Learn more about Speech service supported regions

Prerequisites

  • Set up your Azure account and Speech service account, and find your Speech service key and region (Learn more from Try the Speech service for free).
  • Set up your Custom Speech project and get the custom model ID. You can navigate to Speech Studio -> Custom Speech -> your custom speech project -> "Train custom models" tab -> click into one of your custom speech models, and copy the Model ID value from the card on the top (Learn more from Custom Speech overview).

Get start with Custom DPP CLI

The Custom DPP command-line utility presents easy-to-use commands for display format customization.

  • See the Get Start document about how to download and use the CLI tool to upload, evaluate, and deploy your custom display format models.
  • See the Concept document about the basic concepts of Microsoft display post processing.

Supported operations

The general format of Custom DPP CLI commands is: cdpp [command] [arguments] --[flag-name] [flag-value]

Available Commands:

  • init - Create and init a project, scaffolding it with template files
  • push - Push the custom model files or test set to Microsoft Speech server
  • eval - Evaluate the latest model pushed to the Microsoft Speech server
  • deploy - Deploy a custom DPP model and bind to a custom speech model
  • get - Get model, test set, evaluation or deployment detail information from Microsoft Speech server
  • check - Check the format/grammar of the custom rule dataset rewrite, profanity and ITN
  • config - Config subscription key or service region of a project, or get the current project settings
  • delete - Delete a model, test, eval or deploy from Microsoft Speech server
  • fetch - Fetch model files or test set from Microsoft Speech server
  • list - List models, test sets, evaluation or deployment summary information of the subscription from Microsoft Speech server
  • version - Show version information and supported regions, locales
  • help - Help about any command

Find help from your command prompt

For convenience, consider adding the Custom DPP CLI location to your system path for ease of use. That way you can type cdpp from any directory on your system.

To see a list of commands, type cdpp -h and then press the ENTER key.

To learn about a specific command, just include the name of the command (For example: cdpp push -h).

cdpp command help example

If you choose not to add Custom DPP CLI to your path, you'll have to change directories to the location of your cdpp executable and type cdpp or .\cdpp in Windows PowerShell command prompts.

Frequently asked questions

How to obtain the default base DPP behaviors as a baseline?

You can push model with empty model files, edit and push your test cases, start evaluation, then download the evaluation logs to obtain the default base DPP outputs as a baseline to start. Refer to this how-to doc for more best-practices.
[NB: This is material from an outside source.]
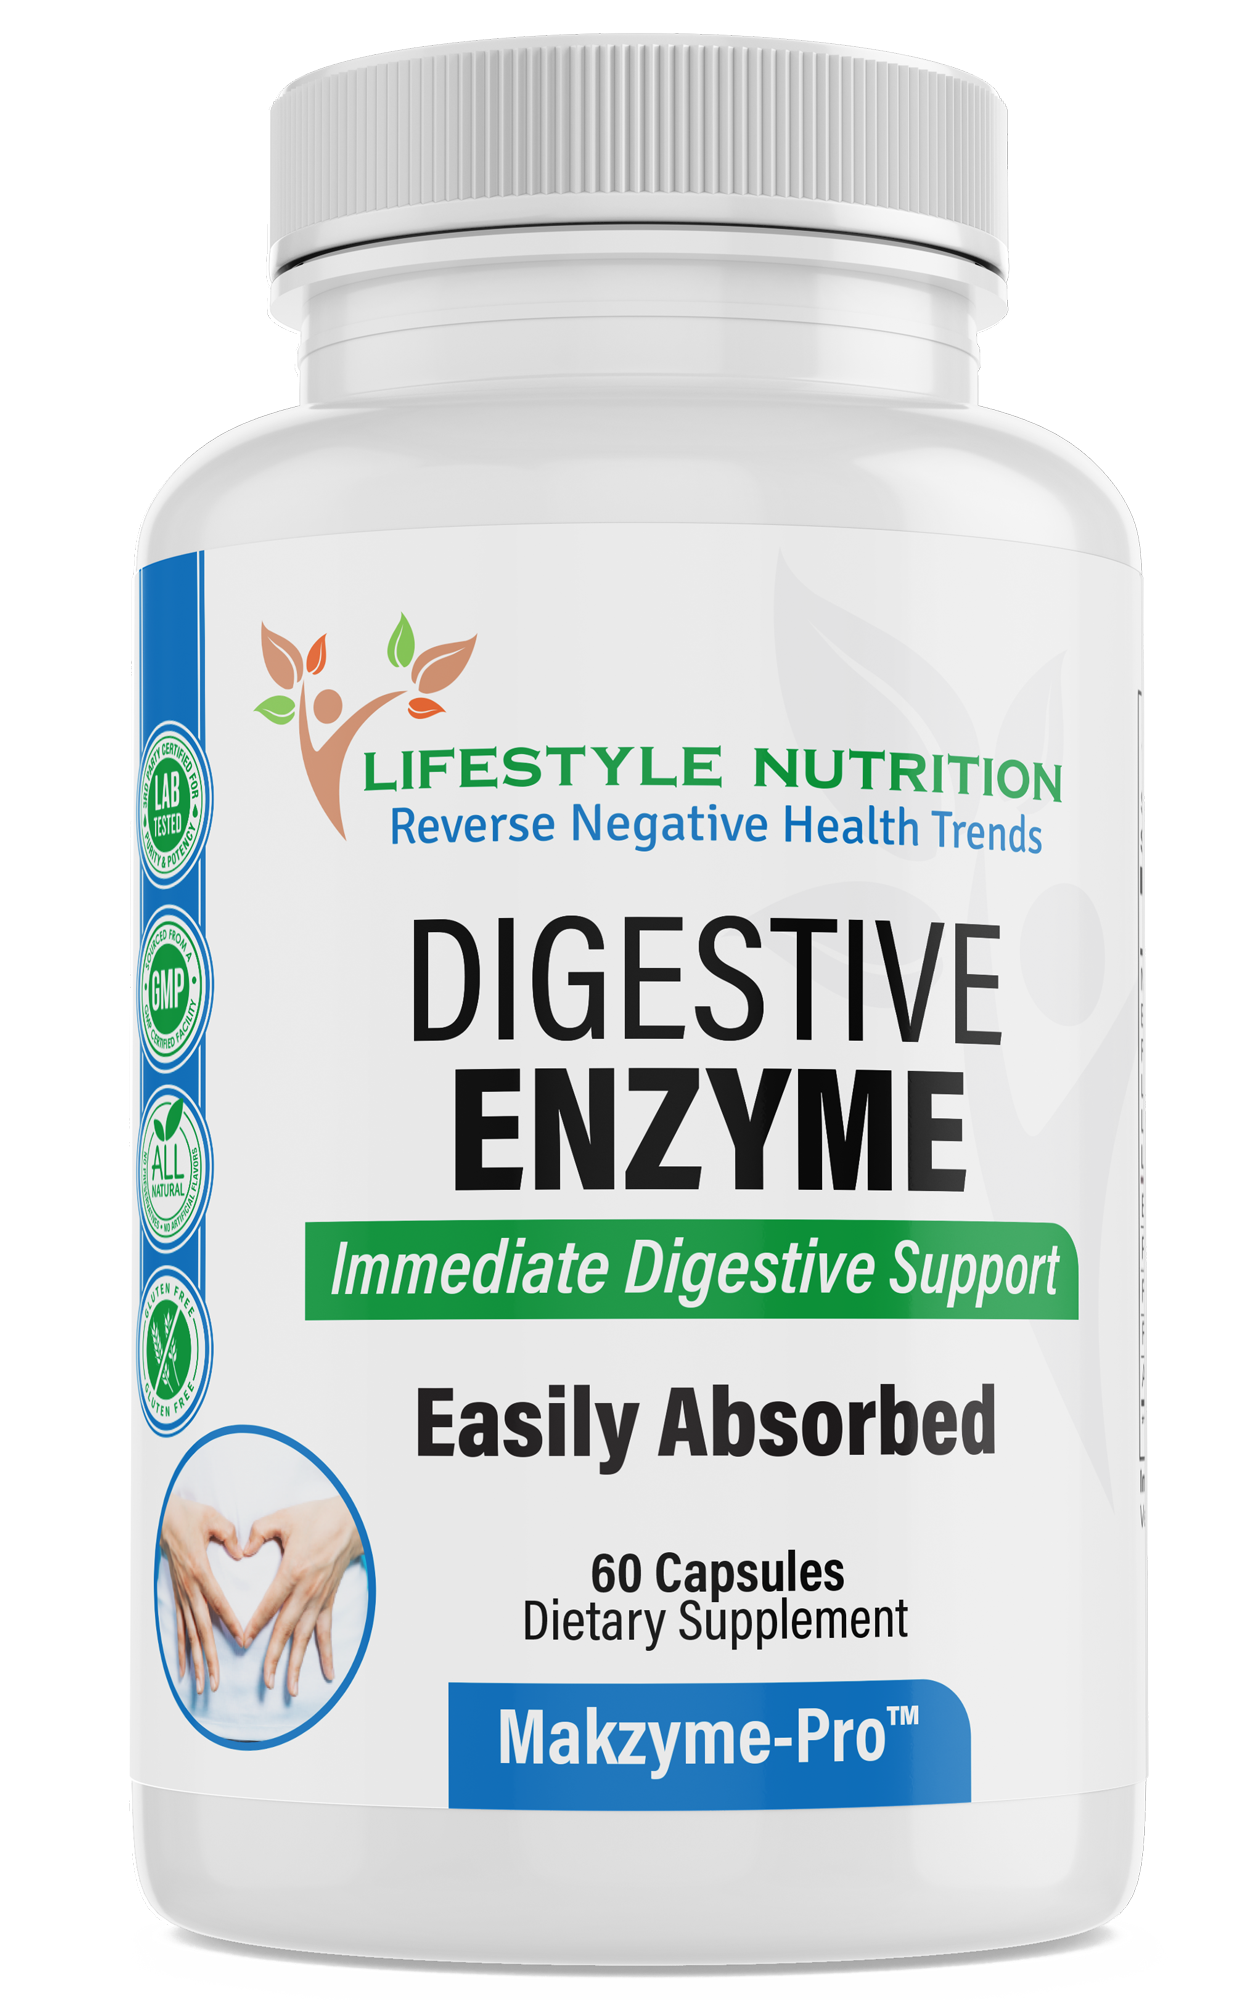 Digestive Enzyme - Immediate Digestive Support

Is unified speech-to-text service supported?

Not in private preview version. You have to specify a custom speech modelID (from Custom Speech Service) in order to enable Custom DPP builders. Unified Speech-to-text service without model customiztaion can only benefit from Microsoft built-in DPP base builders.

Any size limits for the Custom DPP rules?

Yes. For private preview version, the maximum size is 1,000 lines of rules for Rewrite and Profanity file, and 200 lines of rules for ITN file.

How long it will take to take effect on Speech service after deployming Custom DPP model?

After you deploy a Custom DPP model to online Speech Service (by typing cdpp deploy), you may wait for 1-3 hours before it takes effect to your custom model and endpoint, afterwards you can validate on the end-to-end audio to display output text process.

Also note that there are some service regions still being rolled out across Private Preview period, so please try again later if you encountered any deployment issues.

Is Bring-Your-Own-Storage (BYOS) supported?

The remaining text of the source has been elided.